Кончиком ножика Финн указала на едва видимую кромку приклеенного к доске холста:
– Картины такого возраста обычно дублируются на новый холст каждые пятьдесят лет. Это означает, что под старый, изношенный холст при помощи воска или резины подклеивается новый. Но здесь все не так. Похоже, в данном случае полотно, на котором нарисован парусник, всего лишь маска, закрывающая картину на деревянной доске.
– Вы полагаете, под холстом что-то есть? – заинтересовался сэр Джеймс.
– Немецкая бирка, вероятно, была наклеена в сороковом году. Бирка Гудстиккера гораздо старше. Я думаю, кто-то взял старый холст рембрандтовской школы и наклеил его на доску, чтобы скрыть настоящую картину от людей Геринга.
– Вы уверены?
– Нет, но я знаю человека в Институте Курто, который может нам помочь.
– Сегодня? – осведомился Талкинхорн.
– А зачем такая срочность?
– Все дело в амстердамском доме, – объяснил адвокат.
– А что с домом? – не понял Билли.
– Мистер Богарт оставил для вас очень четкую инструкцию. Вы должны вступить во владение всеми завещанными объектами только вдвоем, только лично и не позднее чем через пятнадцать дней, иначе завещание будет аннулировано.
– Это касается и катера? – поразилась Финн. – Выходит, нам придется ехать не только в Амстердам, но и в Малайзию? И все это за две недели?
– Совершенно верно, мисс Райан. – Старик откашлялся. – А кроме того, «Королева Батавии» не катер, а пароход.
– Какая разница? – раздраженно спросила Финн. Ее начинала злить старомодная дотошность адвоката.
– Разница в том, – вмешался Билли, – что пароход – это такая большая штука, которая может везти на себе катер. Но по-моему, все это какой-то бред!

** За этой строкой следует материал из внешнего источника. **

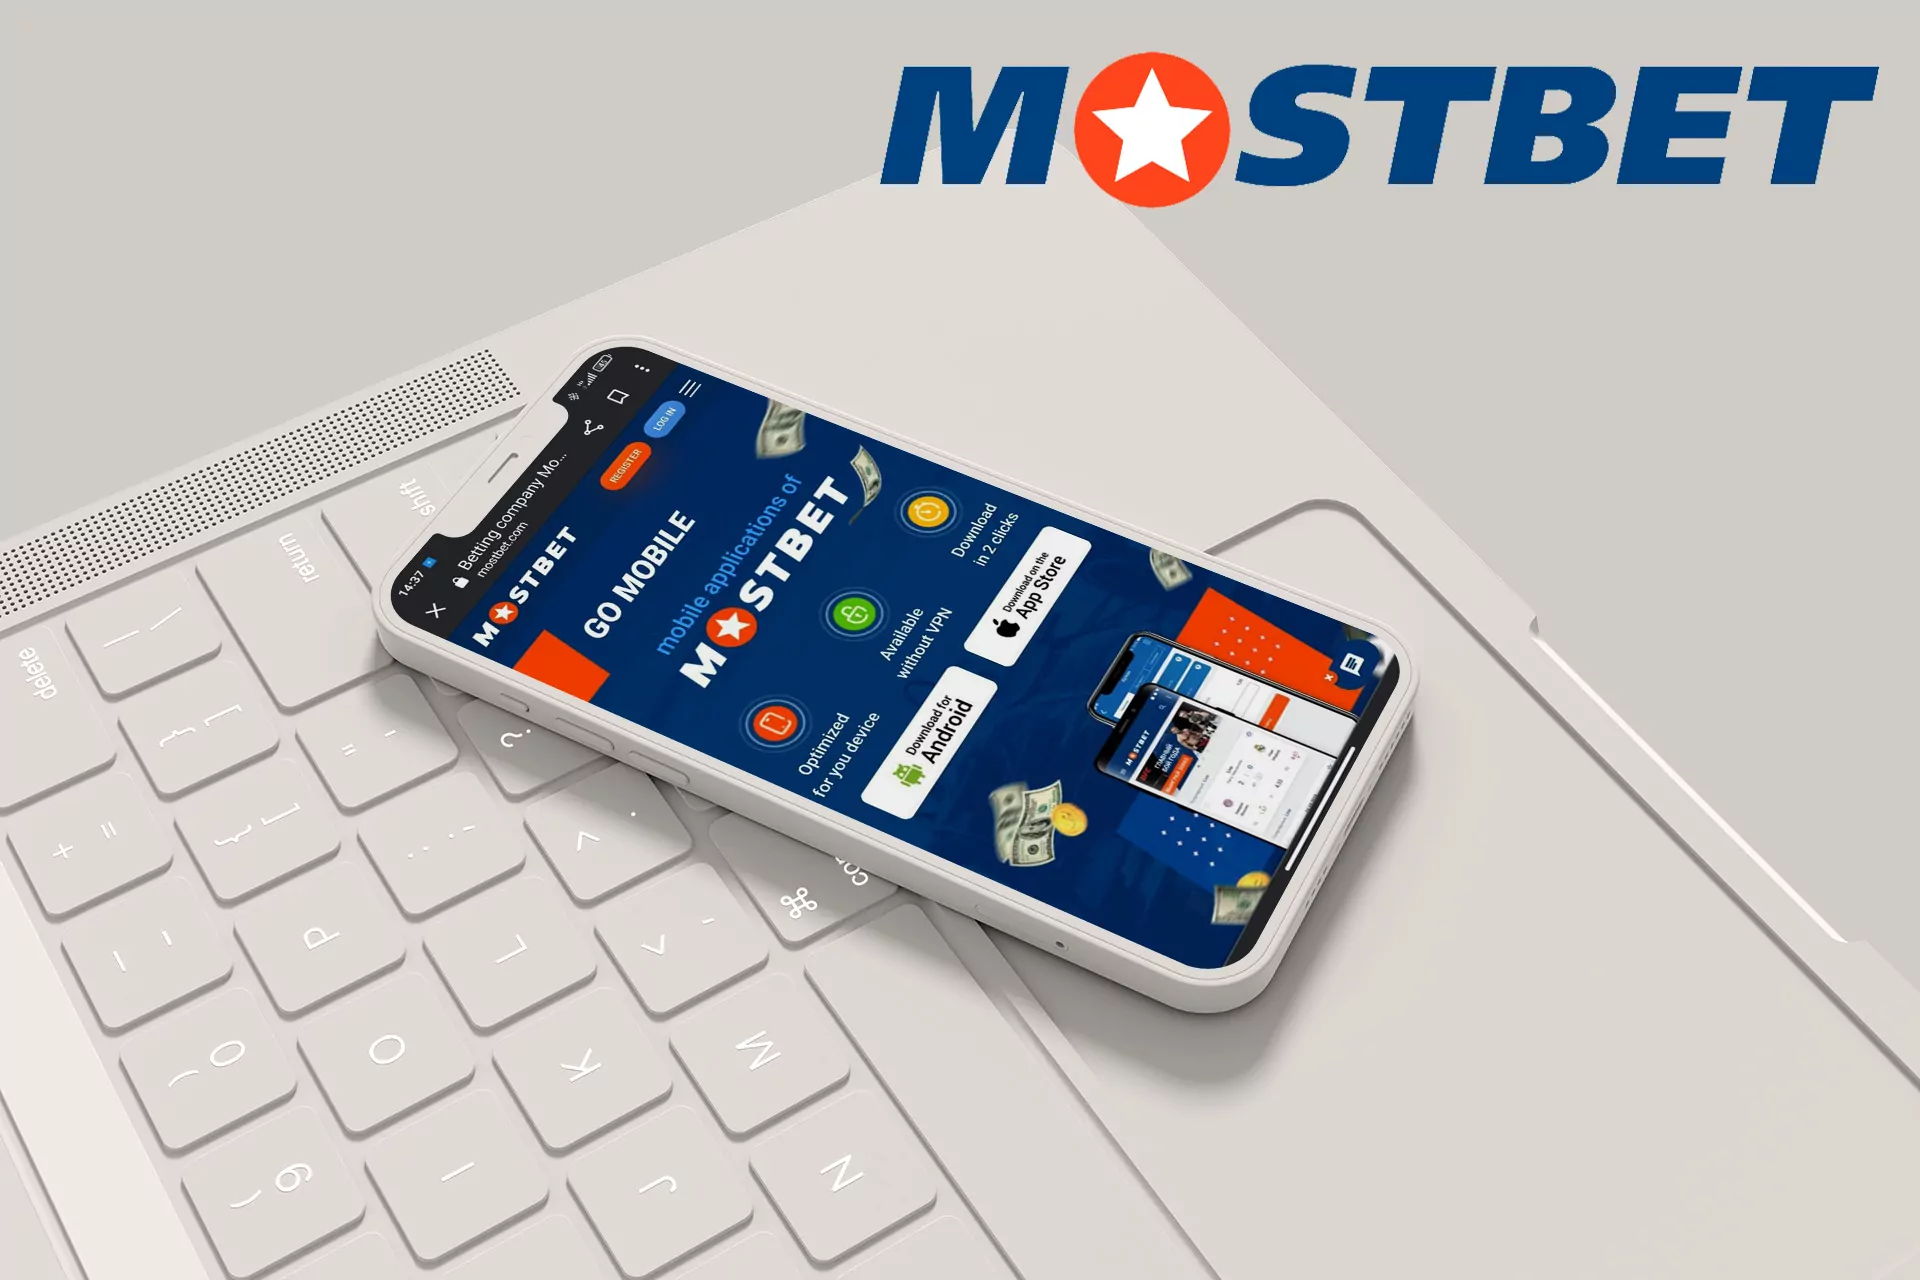 Mostbet App for Android and iOS: Keep It Simple

За каким чертом Богарт это затеял?
– Мне кажется, он пытается что-то сказать вам обоим, – предположил Талкинхорн.
– Он хочет, чтобы мы прошли по его следам, – догадалась Финн.
– Но зачем? – недоумевал Билли.
Финн задумчиво смотрела на темную доску, хранившую память о мрачном прошлом и имя давно умершего человека.

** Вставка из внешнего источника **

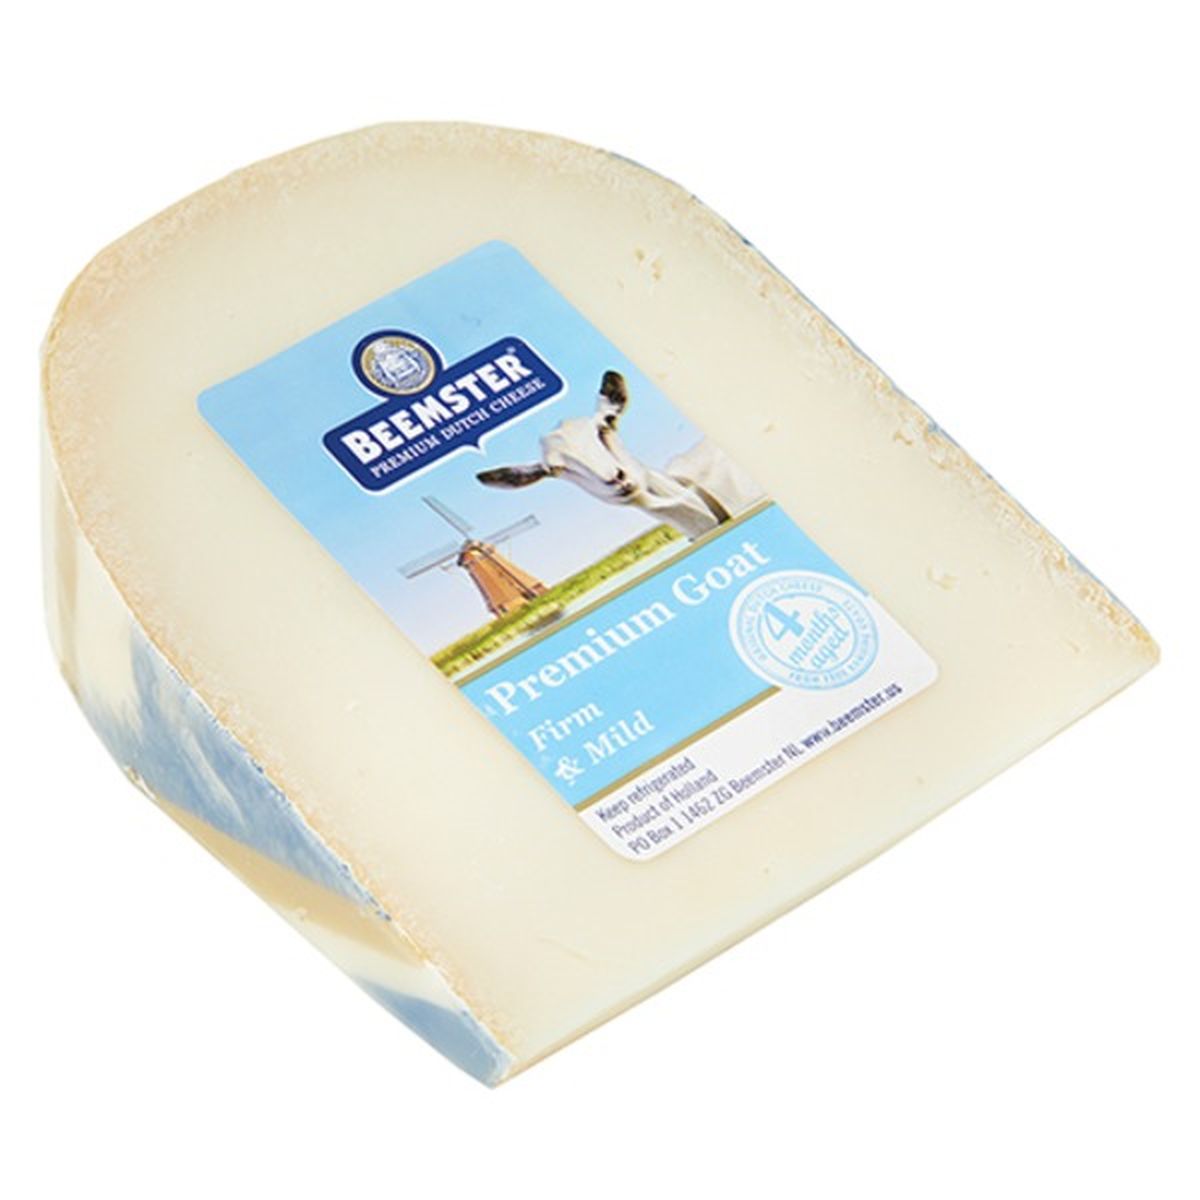 Calories in Beemster Cheese Premium Goat Gouda Cheese

– В любом случае начинать следует с картины, – вздохнула она. – Значит, надо ехать в Курто.
7
Сомерсет-хаус – это гигантское здание в стиле классицизма, более чем на четверть мили вытянувшееся вдоль набережной Темзы. По-видимому, его строители ставили себе задачу возвести самое большое и внушительное общественное здание в мире. В середине восемнадцатого века в Сомерсет-хаусе размещались все мыслимые правительственные и общественные учреждения: от Адмиралтейства и Налогового министерства до ведомства Хранителя королевской баржи, Управления народных лотерей и Союза лоточников и разносчиков. Время шло, одни конторы сменялись другими, бюрократы приходили и уходили, а величественное здание оставалось неизменным и по-прежнему занимало целый квартал между Стрэндом и Темзой, чуть восточнее моста Ватерлоо.
Когда в тысяча девятьсот восемьдесят девятом году в его северное крыло переехал с Портман-сквер Институт искусств Курто со всеми своими галереями, научными лабораториями, библиотеками и лекториями, Сомерсет-хаус едва заметил это прибавление. Подавляющее большинство публики, не обитающей в разреженной атмосфере высокого искусства, вообще вряд ли знало бы о существовании института, если бы не громкий скандал, приключившийся в семьдесят девятом году с его директором и хранителем королевской коллекции живописи, сэром Энтони Блантом, который оказался советским шпионом. Институт, однако, сумел пережить все неприятные разоблачения и со временем сделался одним из крупнейших в мире центром подготовки и усовершенствования специалистов во всех областях изобразительного искусства.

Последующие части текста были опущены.